Love the series, can’t wait for 6 and 2 to come out! Playing Kiwami now as we speak!
Hardest part about localizing games or something interesting about the process the general gamer doesn’t realize?
There’s blogs and posts that outline this and the list is very long, and each game has its own unique challenges. For Yakuza, I think the hardest part is simply finding that balance between accuracy and delivering the emotional punch in English. That just doesn’t come out with a straight translation, you have to craft that.
Funniest bugs/glitches encountered while developing/localizing Yakuza (Can be any)?
You may have heard of that “dudes missing from the scene” issue that was discovered in Kiwami and patched out in 1.01. That was really weird. There was also some trouble during Yakuza 5’s localization where the game would hard crash near the end of the first Kiryu section and it took forever for us to figure out why and it held up QA quite a bit (I believe it was a text parsing issue).
Thanks for being a fan!
Do you guys have an extended dialogue with the Yakuza/RGG team in Japan? I know that you put a lot of effort into making sure that text is localized to be appealing to western audiences while still keeping the context intact, but do you ever run into situations where you need to ask the team what they meant by certain phrases or emotions the characters are feeling? Thank you again for all your hard work, these games are some of my favorites of all time.
P.S. Blink once if Yakuza 3-5 HD Collection is coming anytime soon
We absolutely seek confirmation on anything we’re even lightly confused about with the writers. Things like standing rank, spelling of their English names, and character relationships with each other are the most frequently asked, I’d say.
I am a new player to the series. I just finished Yakuza 0 and enjoyed so much, I immediately started Kiwami. Yet one thing that has confused me is the naming conventions of the characters. Kiryu’s full name is Kazama Kiryu, named from Shintaro Kazama. Why did he take Shintaro’s given name as his family name? Is Shintaro’s name supposed to be Kazama Shintaro but was switched in localization? If so, why? Does this also have anything to do with why the yakuza families are named after the leader’s given name as well?
Kazuma Kiryu is not Shintaro Kazama’s blood. He was an orphan that Kazama brought into his orphanage. The “closeness” of their names is completely coincidental, and “Kazuma” was not taken from “Kazama”. No localization mistakes have been made here, and in fact, we corrected them, because the oldest localizations completely changed “Kazama” to “Fuma”.
With the Hostess Clubs being so well done and a large part of Zero.

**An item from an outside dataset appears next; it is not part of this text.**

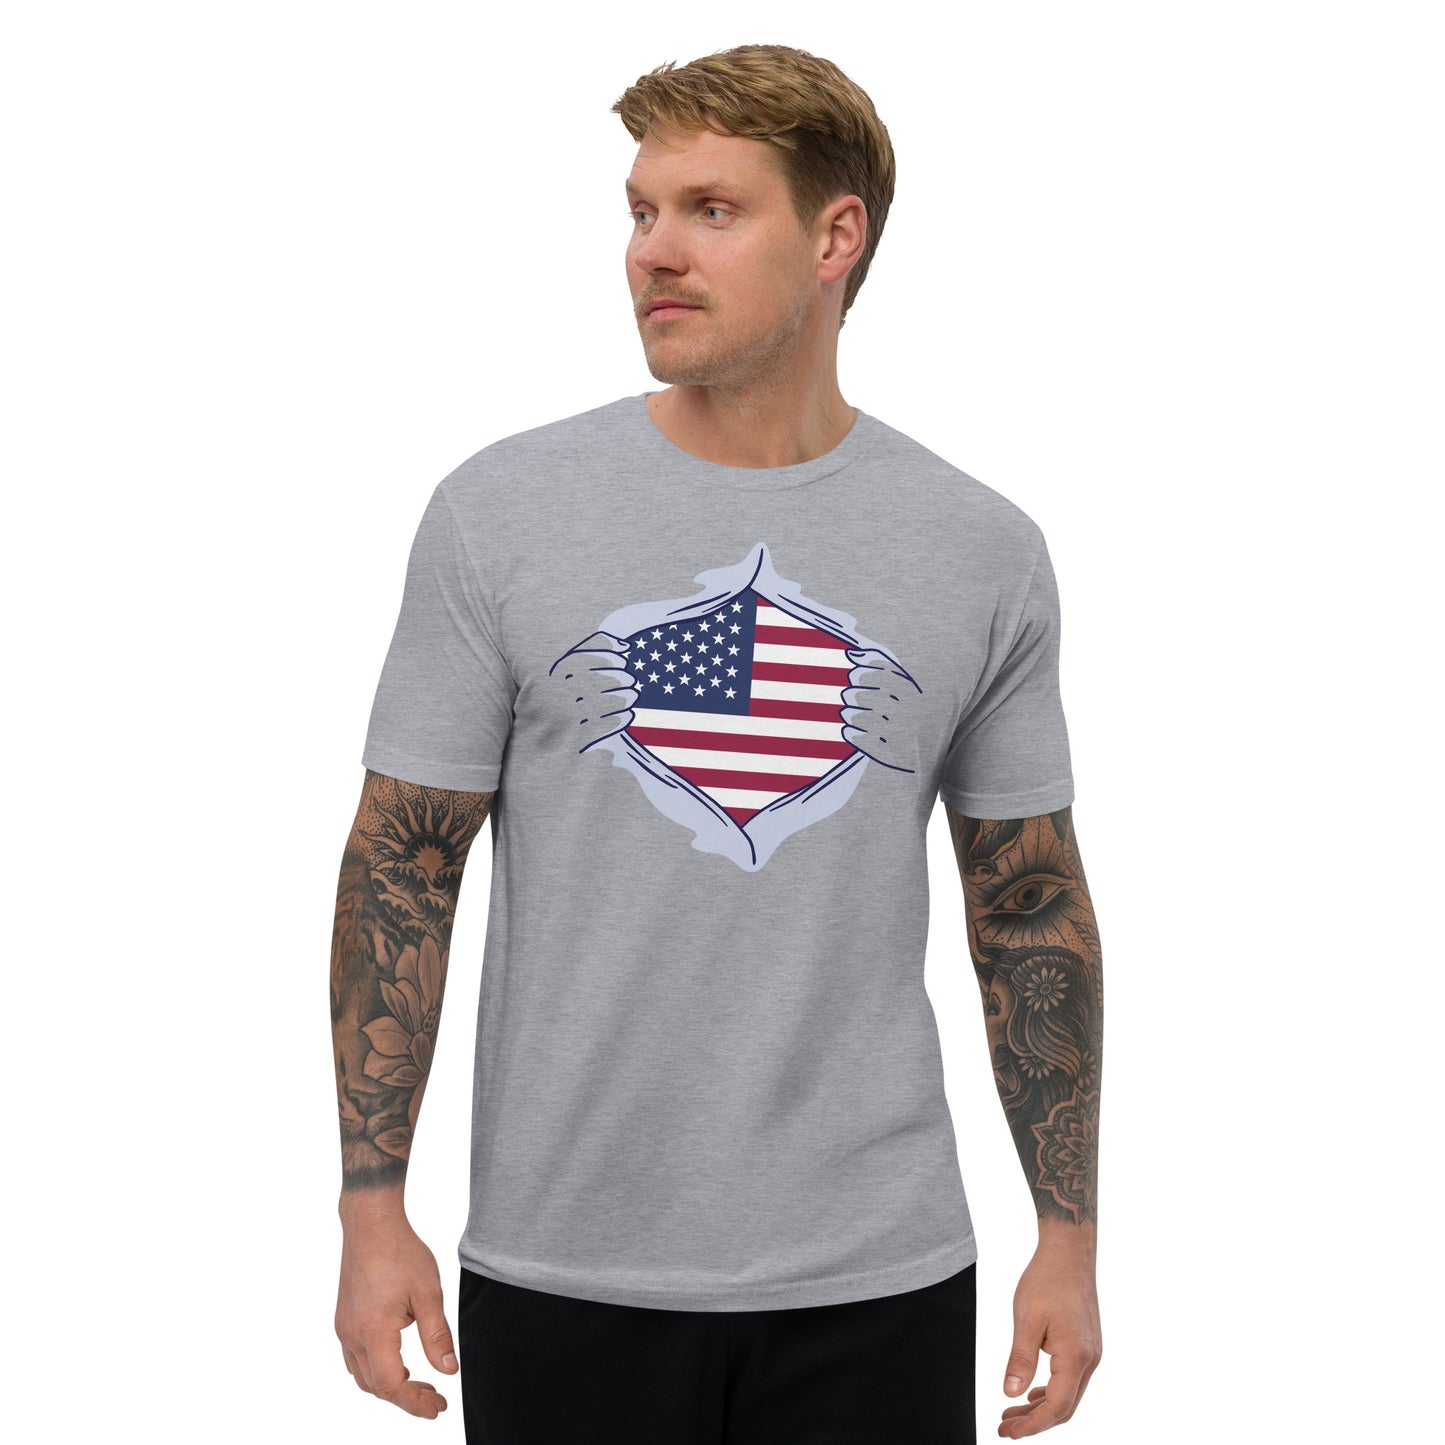 "USA" men's t-shirt
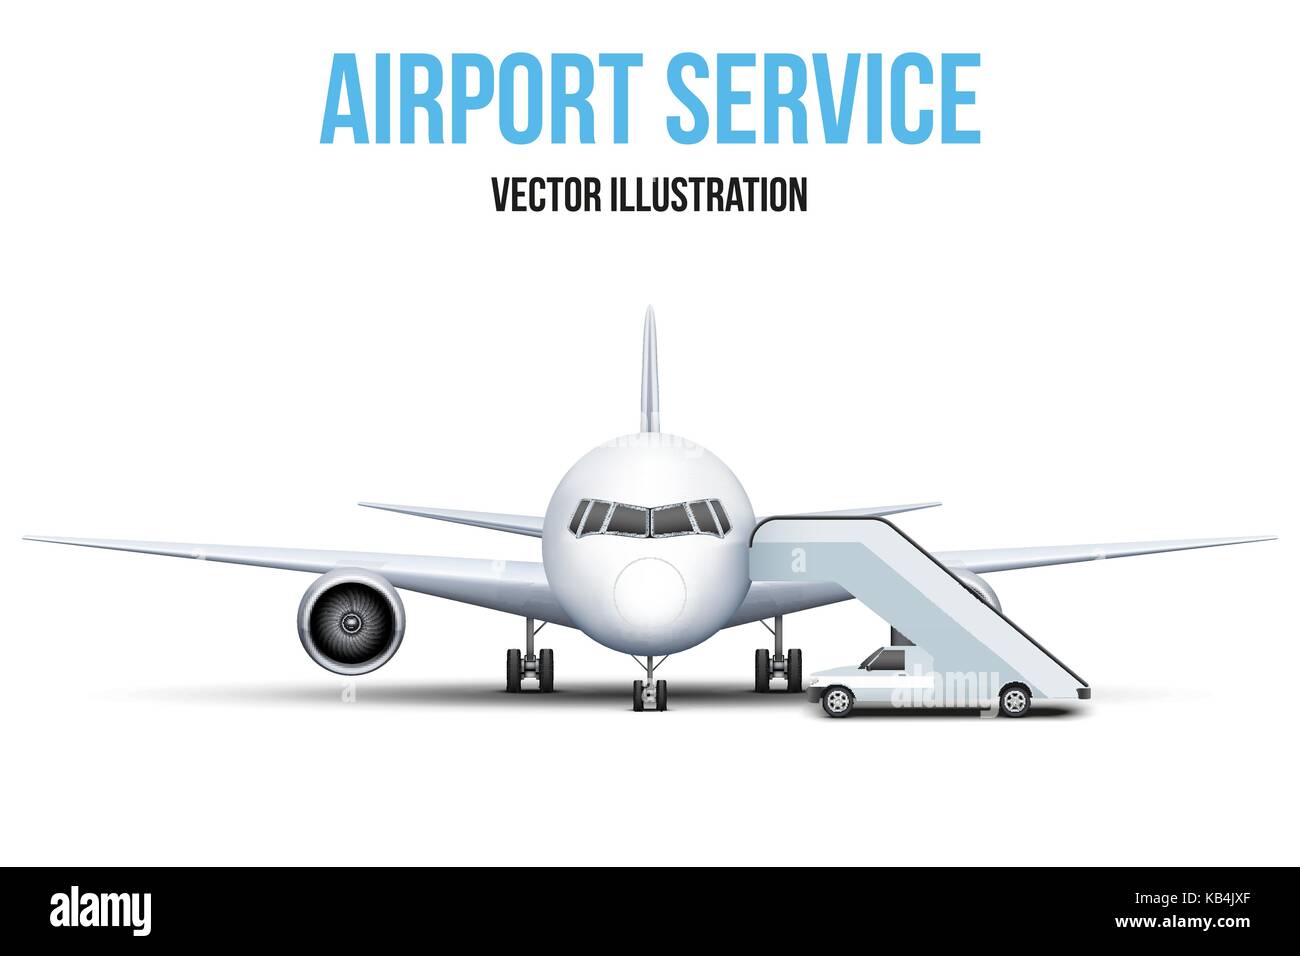 Airport service vector illustration. Stock Vector

Do you guys look back and wish you could of pushed hard in the past to keep the content in Yakuza 3?
Neither myself or Sam was a SEGA employee at the time, so we don’t really even have the ability to say, man I wish we could have done that better. That said, as a direct result of what happened to Y3, we’re both dedicated to ensuring that something like that never happens again, and that all the content is preserved as faithfully as we can make it. (I mean, JAV stars…)
1) What was the main reason that made you guys decide to keep localizing the Yakuza games?
2) Do you guys get any help from Nagoshi and his team when working on the games?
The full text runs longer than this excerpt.